443 (https) --closed

[JoshuaR]

and just to add, I updated the server with the open ports...still opened... 

[mmccarn]

I can't find anything in /etc/e-smith/templates or in 'config show' that shows what the difference is between 'server-gateway' mode and 'private server-gateway mode'.

This makes me think that possibly the only difference is that if you select one or the other during the initial system setup you get different default 'access' values for the various services.

Try config show http-e-smith and config show smtpd on both systems and see if there's something different between them.

I'm hoping you'll find something obvious like 'access=private' on one system and 'access=public' on the other, or 'access=something' on one but no 'access=...' line on the other.

[mmccarn]

Also, according to this bug http://bugs.contribs.org/show_bug.cgi?id=2202 dated 12/22/2006 the 'servergateway-private' mode may be headed out.

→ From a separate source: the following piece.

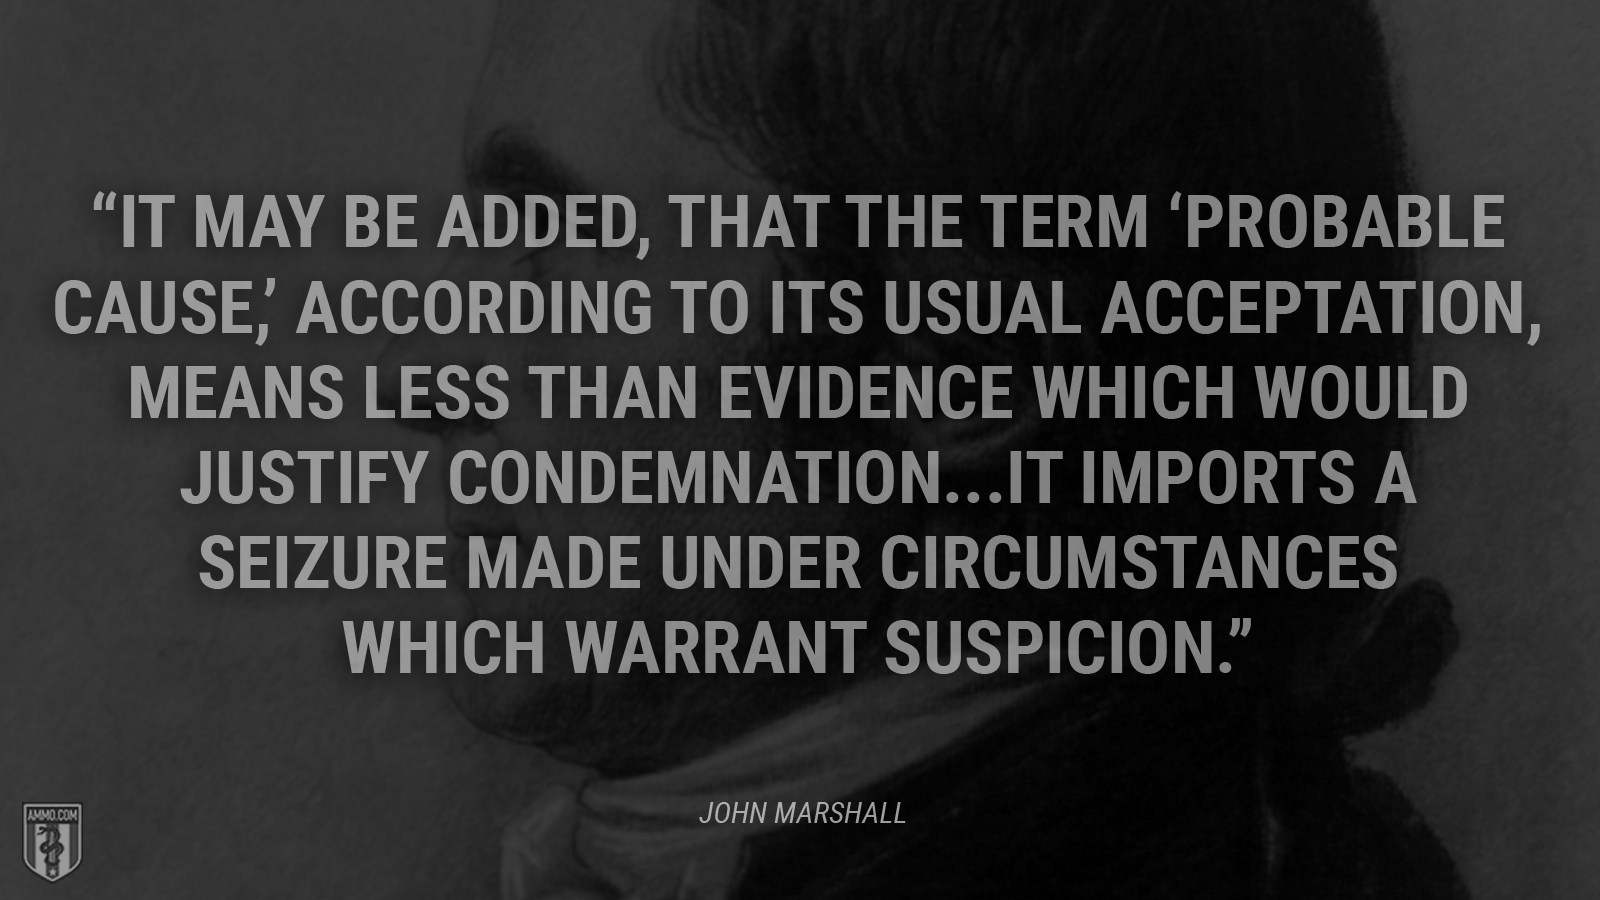 “It may be added, that the term “probable cause,” according to its usual acceptation, means less than evidence which would justify condemnation...It imports a seizure made under circumstances which warrant suspicion.” - John Marshall

Which would explain why a SME7RCx server upgraded through to 7.2 might behave differently from one configured using 7.2 from scratch...

The 'fix' at this point would be to identify the differences in the settings on the two systems and duplicate the ones you want on the system that isn't behaving as you feel it should.

A plus would be if you built a script to set all those settings and uploaded it to the bug referenced above.

[raem]

JoshuaR

As has been suggested earlier, use
config show |more
to review the status of the services associated with those ports eg
access=private
or
access=public
Also check
config show SystemMode
to verify the system is really set to private server&gateway mode.

If you find your configuration mode is correct but ports are open, and it is truly a clean install of sme7.2 without any contribs that may have modified port status, then report your findings as a bug.

The manual is reasonably clear on what to expect.

Option 2: Private server and gateway

This mode is a variation of option 1 and provides the same functionality with the following differences:

    * our web server is not visible to anyone outside of the local network.
    * our mail server is not accessible from outside of the local network.
    * Additional firewall rules have been configured to drop packets for various services (such as 'ping' requests).

All services are available on the internal network. The differences are entirely in how your server is seen by the external world.

You would select this mode only if you wish to use the server as a gateway, but do not wish to publish any services to the external Internet.